While the early history of the house on the Springwood estate remains unclear, it is believed that the central portion of the present-day home is formed by a large Federal style farmhouse constructed around the year 1800. In 1845 the estate was purchased by Josiah Wheeler, a merchant from New York City. He remodeled the structure in the then-fashionable Italianate style, expanding it to 15 rooms with a three-story tower at the south end and front and rear piazzas spanning the length of the home.

===Roosevelt ownership===
In 1866, the estate, which had been reduced to approximately one square mile (2.5 square kilometers), was bought by James Roosevelt, Sr., Franklin D. Roosevelt's father, for US$40,000, at a time when a textile worker's earnings were less than a dollar a day. The property featured a stable and horse track, which was important to James, an avid horse breeder. Through his death, 34 years later in 1900, James made many improvements to the home and property. He enlarged the servants' wing, adding two rooms, and had a spacious carriage house built in the vicinity.
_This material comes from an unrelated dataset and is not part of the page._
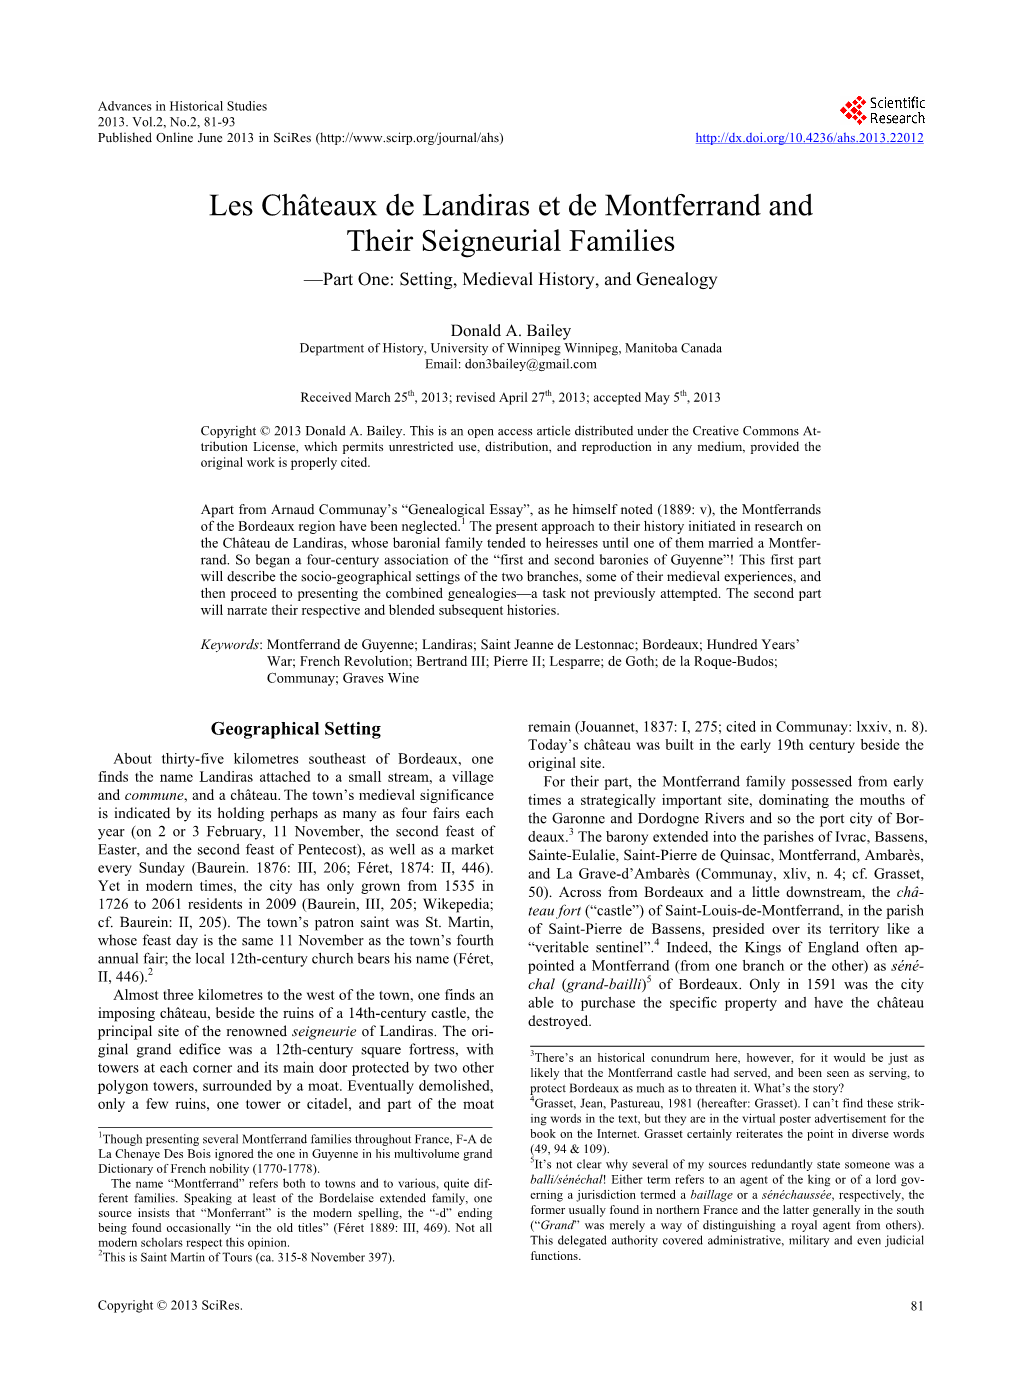 Les Châteaux De Landiras Et De Montferrand and Their Seigneurial Families —Part One: Setting, Medieval History, and Genealogy

In 1882, Franklin was born in what was then the second floor tower bedroom at the south end of the home. At the time, it functioned as the master bedroom; the bedroom which he, and later his sons, used during boyhood is nearby on the same floor. In 1905, after he and Eleanor Roosevelt married, the young couple moved in with his mother, Sara. The estate remained the center of Roosevelt's life in all stages of his career.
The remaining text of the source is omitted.